As we reported in August, Jeffrey Lynn Borden was set to be executed this month for killing his wife and her father in 1993. However, earlier last month, the 11th Circuit stayed Borden’s execution after he challenged the humaneness of Alabama’s three-drug lethal injection combination. Now the Alabama Attorney General’s office is asking the U.S. Supreme Court to overturn the injunction blocking Borden’s execution.

Now the Alabama Attorney General’s office is asking the U.S. Supreme Court to overturn the injunction blocking Borden’s execution.

In a filing with the court, state attorneys wrote, “Alabama has already carried out four execution using this protocol. Any questions concerning three-drug midazolam protocols have effectively been answered.”

The statement came in opposition to the 11th Circuit courts ruling which stated: “We recently held that there is a genuine issue of material fact regarding whether Alabama’s current method of execution violated the Eighth Amendment’s prohibition on cruel and unusual punishment and remanded for further proceedings.”
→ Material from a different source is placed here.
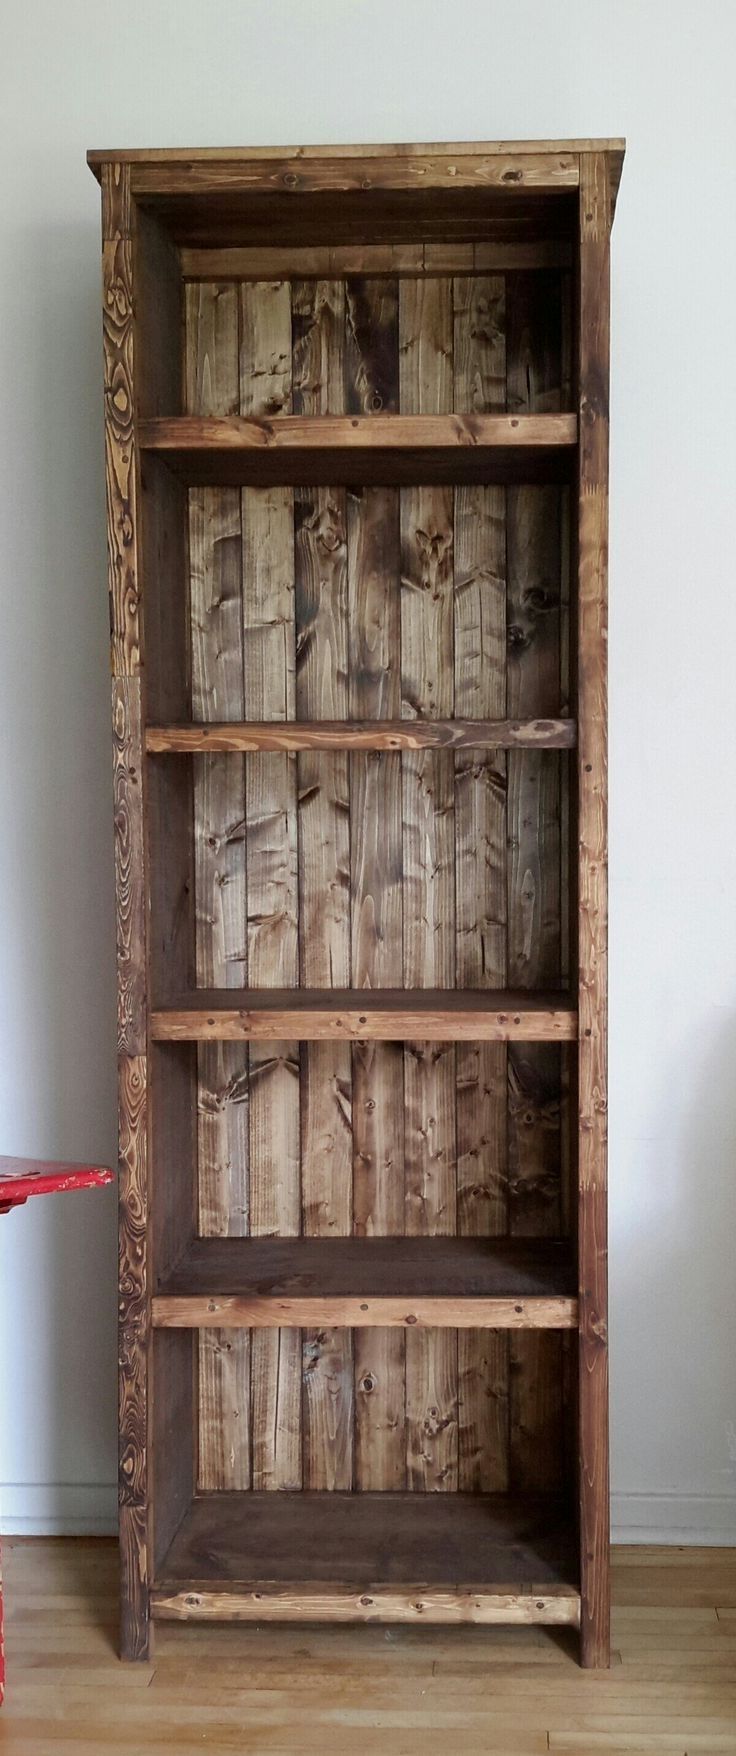 Large Solid Wood Bookcases Pertaining To Best And Newest White And Wood Bookcase Bookshelves Diy Rustic Farmhouse Bookshelf (View 9 of 15)

Borden’s execution was stayed until Oct. 16, but in his petition to the Supreme Court, Attorney General Steve Marshall pointed out that:

“None of Borden’s co-plaintiffs have received stays of executions, and Borden presents nothing different. He filed the same complaint, alleging the same claims, and relied on the same expert witnesses, who admitted in their depositions in this case that a sufficiently large dose of midazolam will place a person in a coma such that he would not respond to noxious stimuli.”

We will update the story as the Supreme Court addresses the legality of the 11th Circuits decision.